So, is a 16-bit wchar_t legal? Yes; the standard does not require that wchar_t be sufficiently large to hold a Unicode codepoint.

Is a string of wchar_t permitted to hold UTF-16 values (or variable width in general)? Well, you are permitted to make strings of wchar_t that store whatever you want (so long as it fits). So for the purposes of the standard, the question is whether standard-provided means for generating wchar_t characters and strings are permitted to use UTF-16.

Well, the standard library can do whatever it wants to; the standard offers no guarantee that a conversion from any particular character encoding to wchar_t will be a 1:1 mapping. Even char->wchar_t conversion via wstring_convert is not required anywhere in the standard to produce a 1:1 character mapping.

If a compiler wishes to declare that the wide character set consists of the Base Multilingual Plane of Unicode, then a declaration like this L'\U0001F000' will produce a single wchar_t. But the value is implementation-defined, per [lex.ccon]/2:

The value of a wide-character literal containing a single c-char has value equal to the numerical value of the encoding of the c-char in the execution wide-character set, unless the c-char has no representation in the execution wide-character set, in which case the value is implementation-defined.

And of course, C++ doesn't allow to use surrogate pairs as a c-char; \uD800 is a compile error.

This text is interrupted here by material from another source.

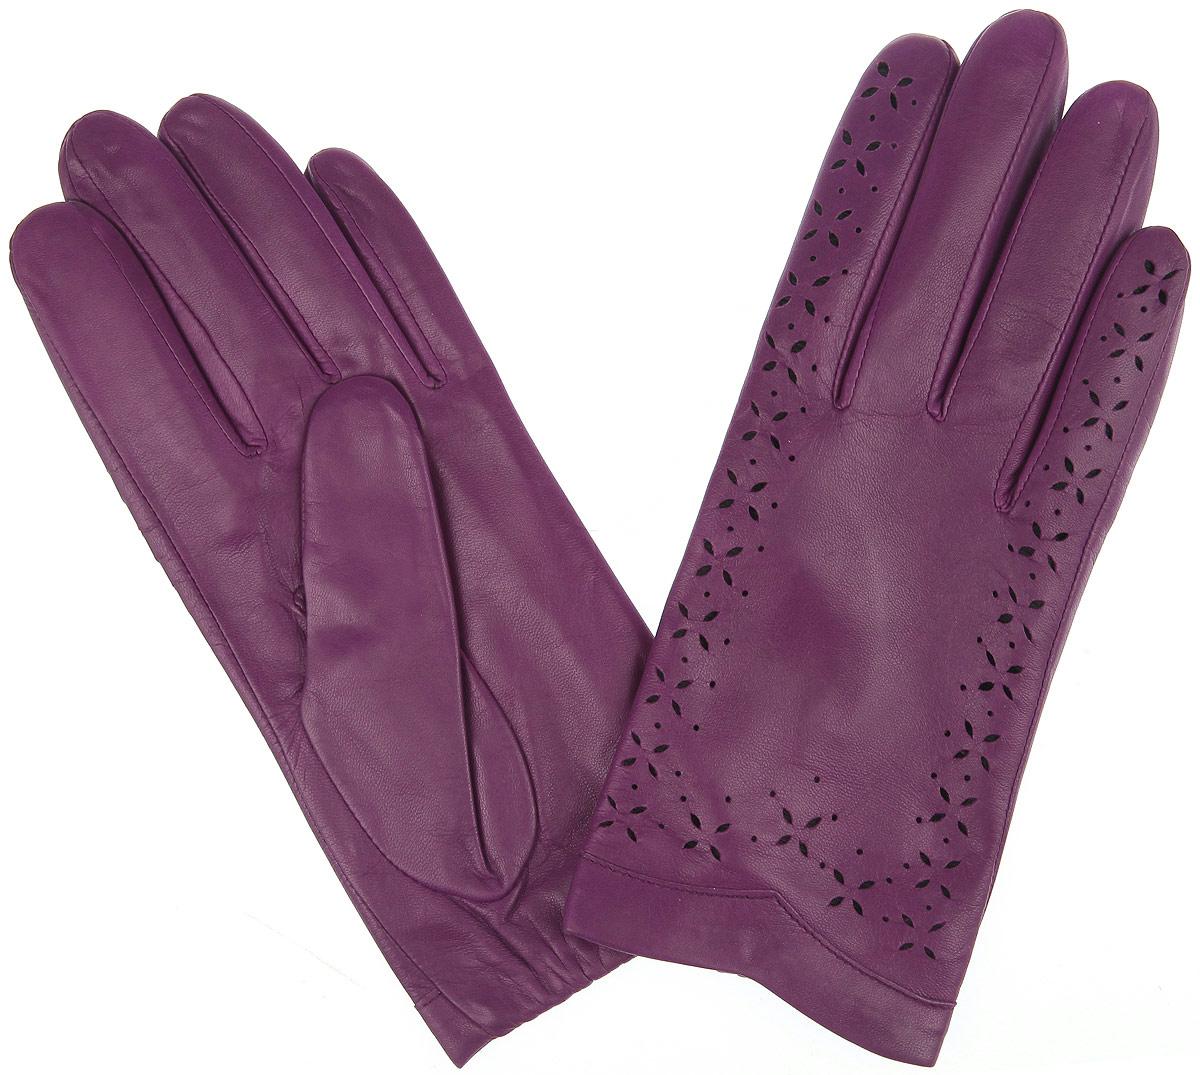 4.8-8s emillionСтильные перчатки Fabretti с шелковой подкладкой выполнены из мягкой и приятной на ощупь натуральной кожи ягненка и оформлены декоративной перфорацией. Тыльная сторона манжета оснащена резинкой для оптимальной посадки модели на руке. Перчатки станут достойным элементом вашего стиля и сохранят тепло ваших рук.

Where things get murky in the standard is the treatment of strings that contain characters outside of the character set. The above text would suggest that implementations can do what they want. And yet, [lex.string]\16 says this:

The size of a char32_t or wide string literal is the total number of escape sequences, universal-character-names, and other characters, plus one for the terminating U’\0’ or L’\0’.

I say this is murky because nothing says what the behavior should be if a c-char in a string literal is outside the range of the destination character set.

Windows compilers (both VS and GCC-on-Windows) do indeed cause L"\U0001F000" to have an array size of 3 (two surrogate pairs and a single NUL terminator). Is that legal C++ standard behavior? What does it mean to provide a c-char to a string literal that is outside of the valid range for a character set?

I would say that this is a hole in the standard, rather than a deficiency in those compilers. It should make it more clear what the conversion behavior in this case ought to be.


In any case, wchar_t is not an appropriate tool for processing Unicode-encoded text. It is not "formally valid" for representing any form of Unicode. Yes, many compilers implement wide-string literals as a Unicode encoding. But since the standard doesn't require this, you cannot rely on it.

Now obviously, you can stick whatever will fit inside of a wchar_t. So even on platforms where wchar_t is 32-bits, you could shove UTF-16 data into them, with each 16-bit word taking up 32-bits. But you couldn't pass such text to any API function that expects the wide character encoding unless you knew that this was the expected encoding for that platform.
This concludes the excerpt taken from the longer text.